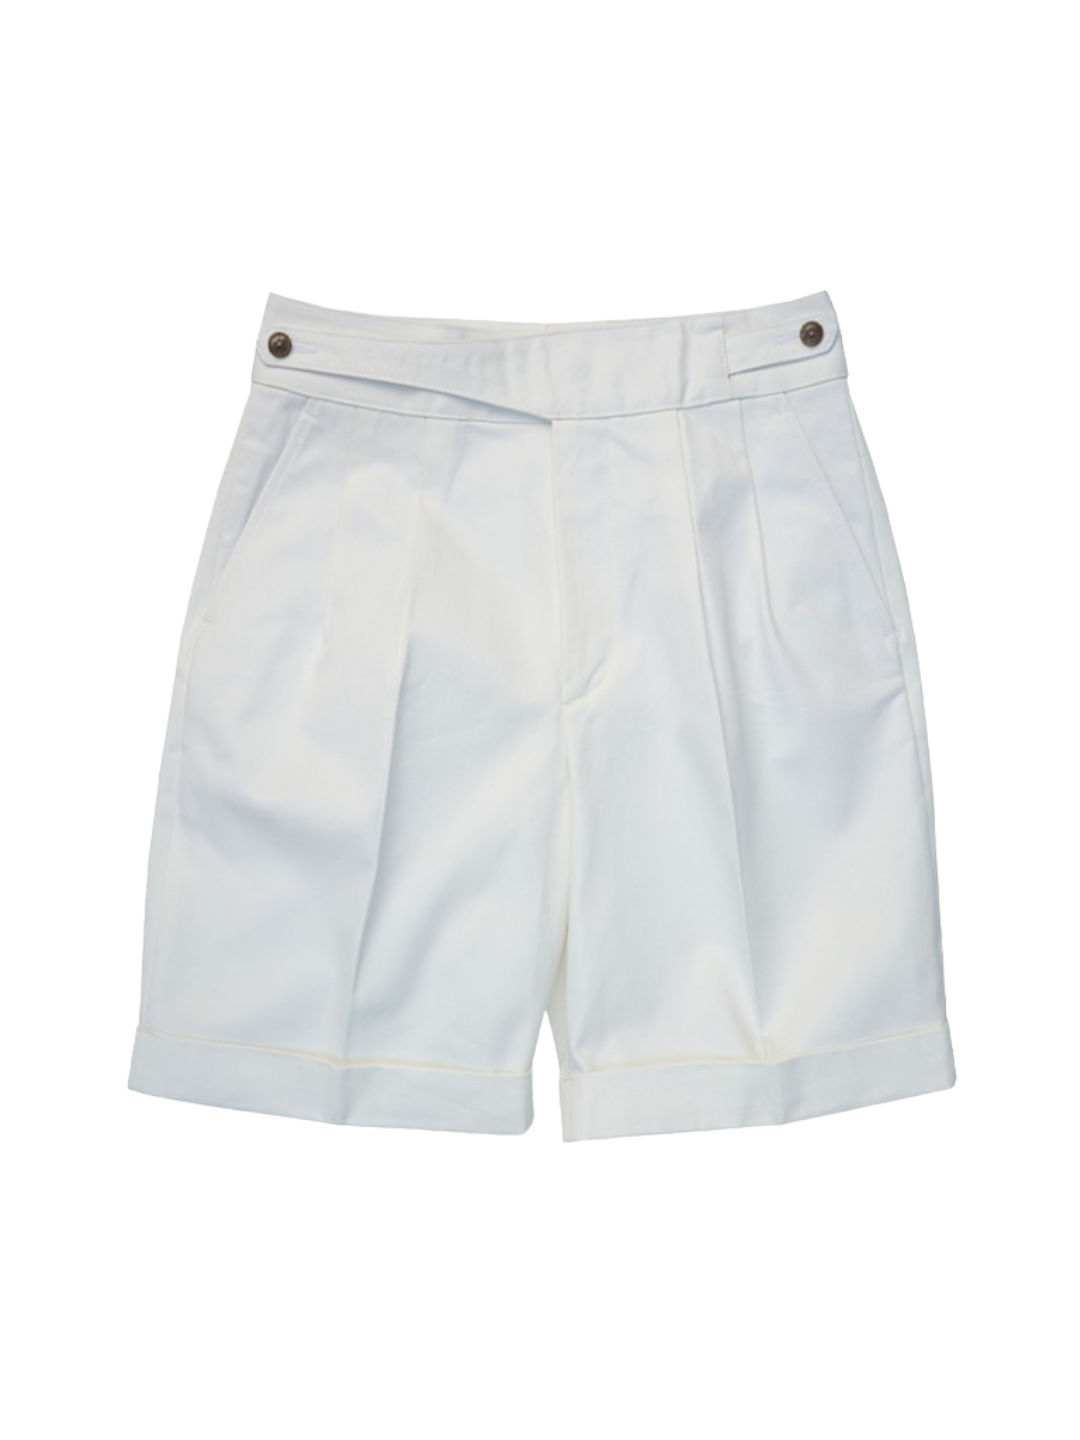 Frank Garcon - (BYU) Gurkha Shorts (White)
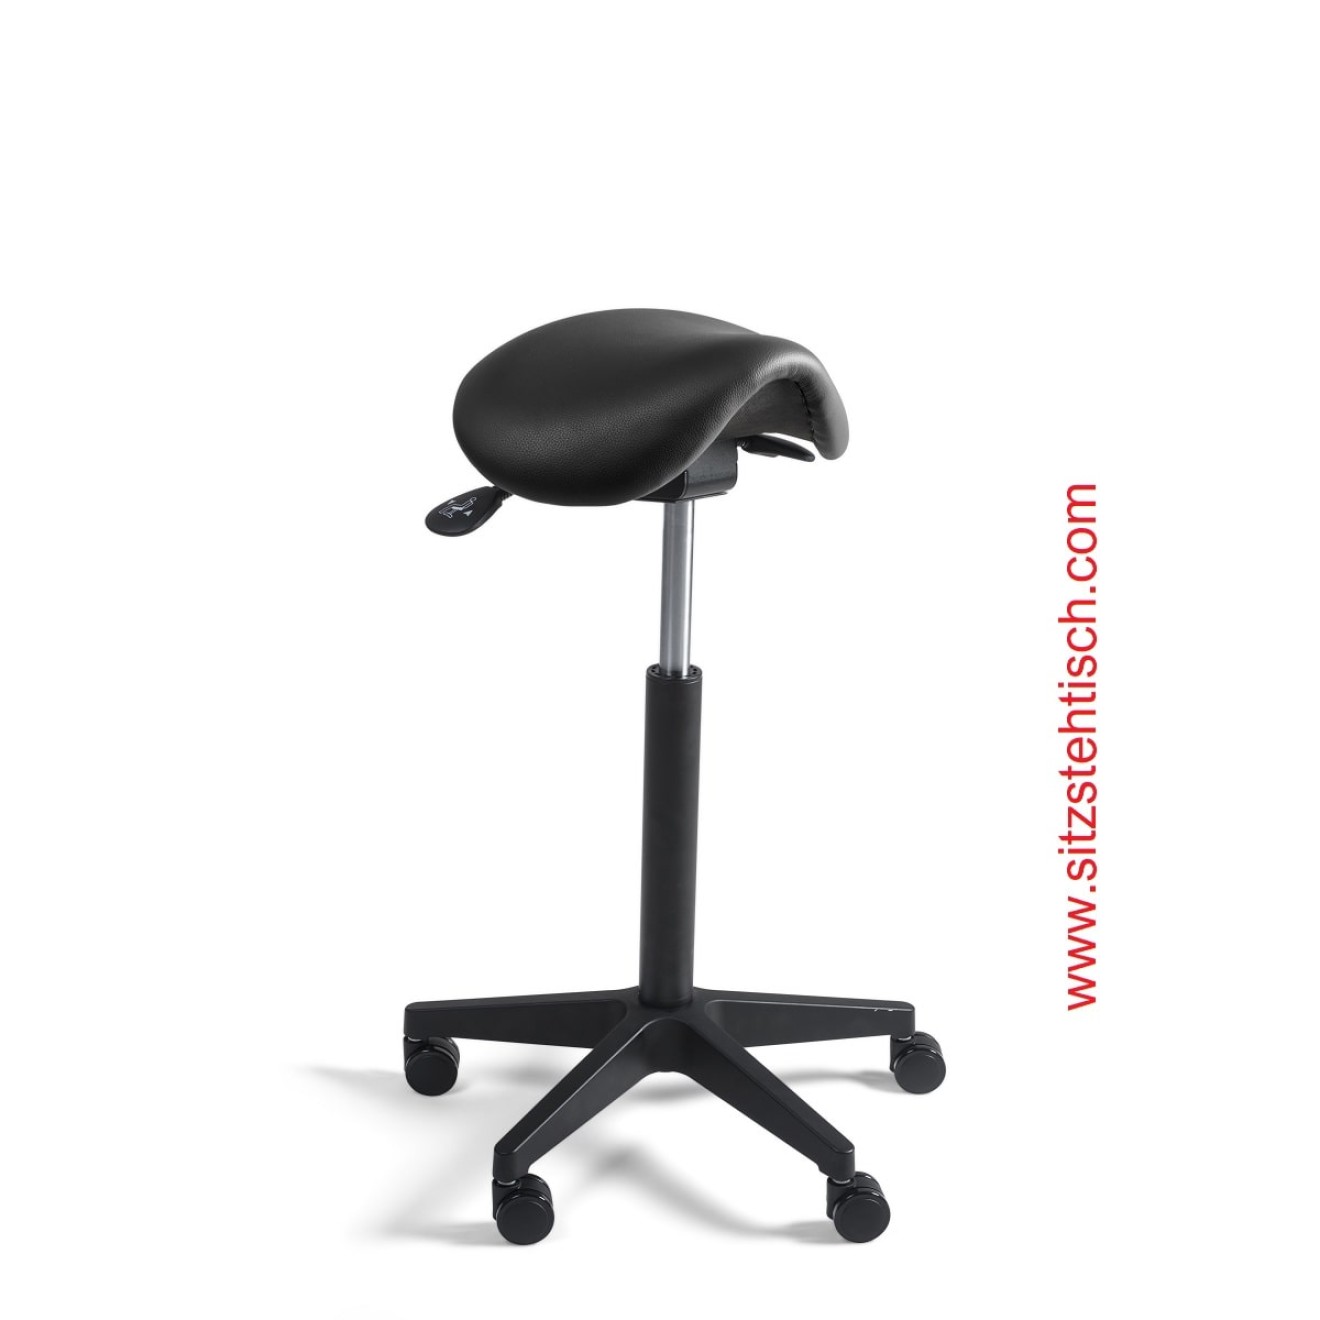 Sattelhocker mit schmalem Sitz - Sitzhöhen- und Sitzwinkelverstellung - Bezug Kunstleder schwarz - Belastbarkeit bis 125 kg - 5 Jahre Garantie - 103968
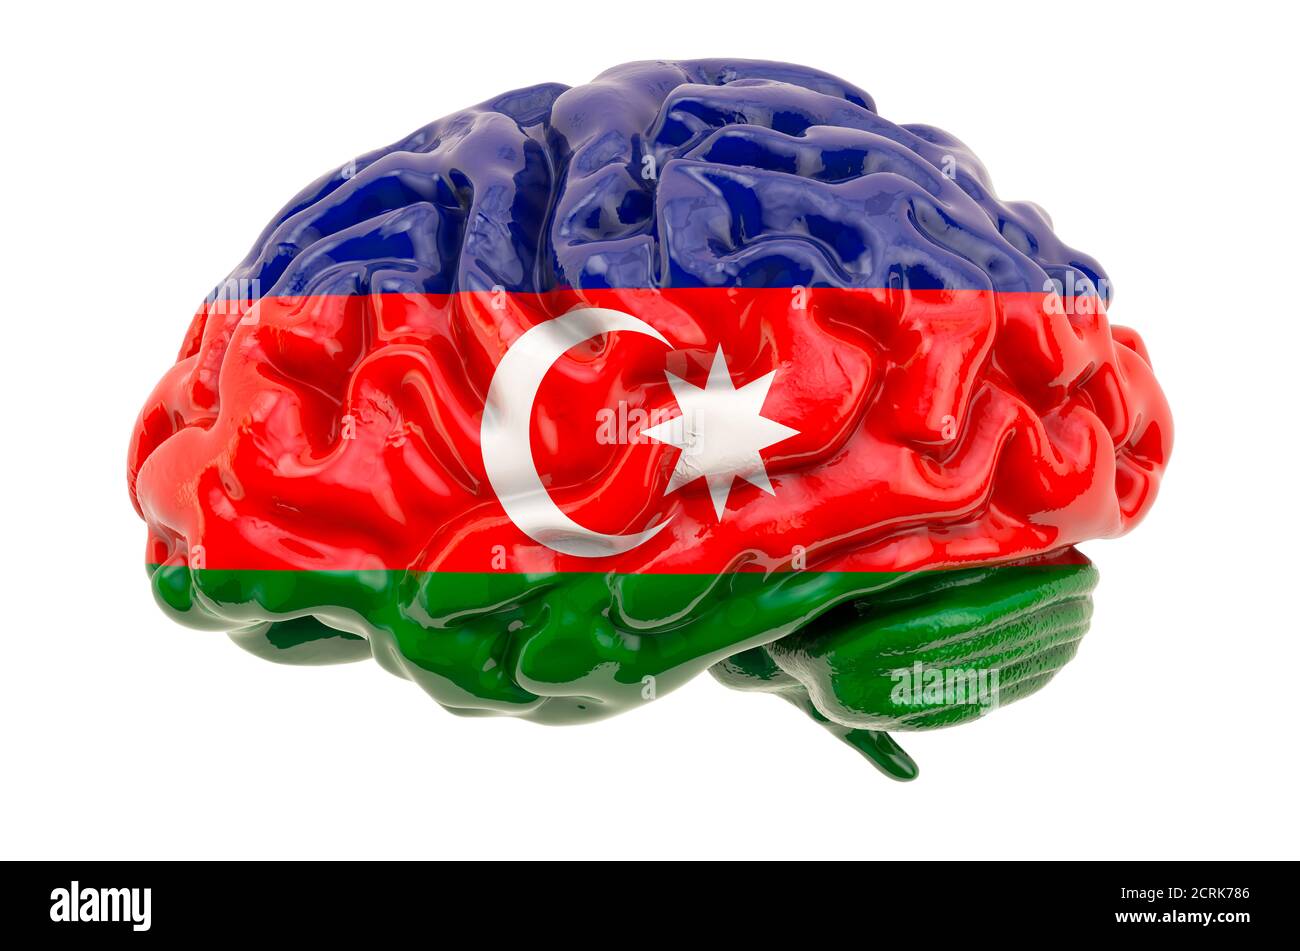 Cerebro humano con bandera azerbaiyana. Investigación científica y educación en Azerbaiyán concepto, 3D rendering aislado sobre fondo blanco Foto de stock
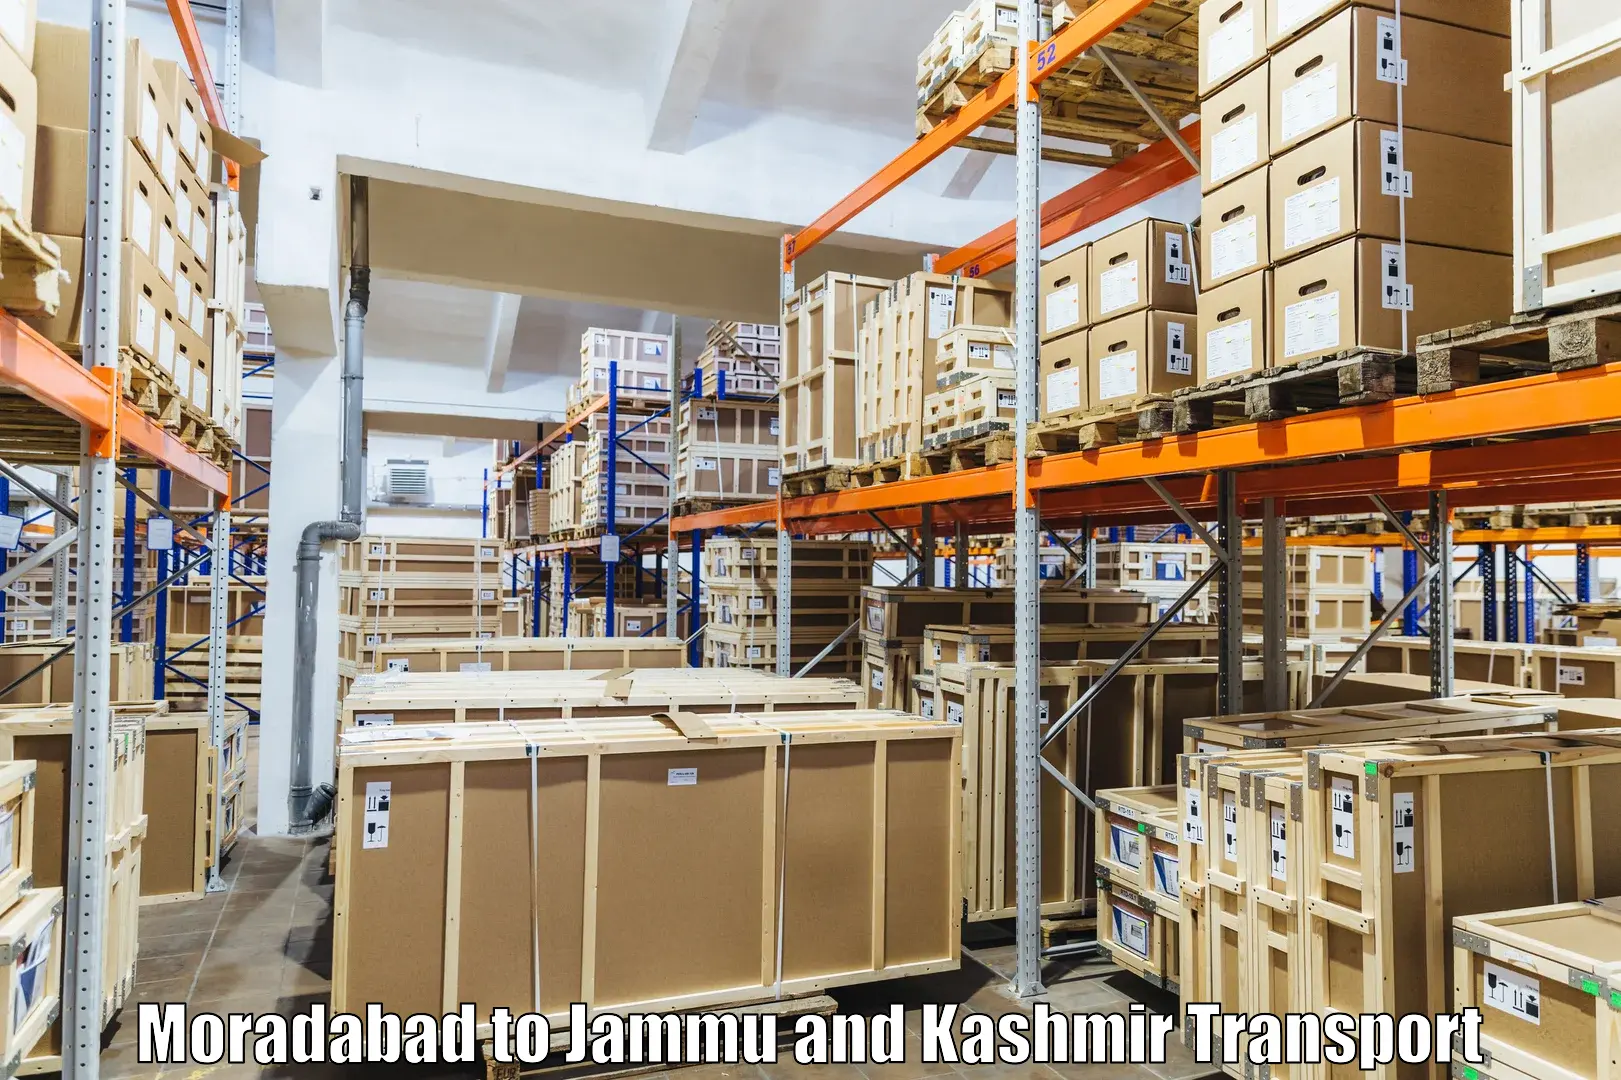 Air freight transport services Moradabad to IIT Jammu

# # #

Extract word for word every line from the line that contains "Cerebro humano con" to the final line of the data, both included, and nothing else; skip the pictures.

 Cerebro humano con bandera azerbaiyana. Investigación científica y educación en Azerbaiyán concepto, 3D rendering aislado sobre fondo blanco Foto de stock
 Air freight transport services Moradabad to IIT Jammu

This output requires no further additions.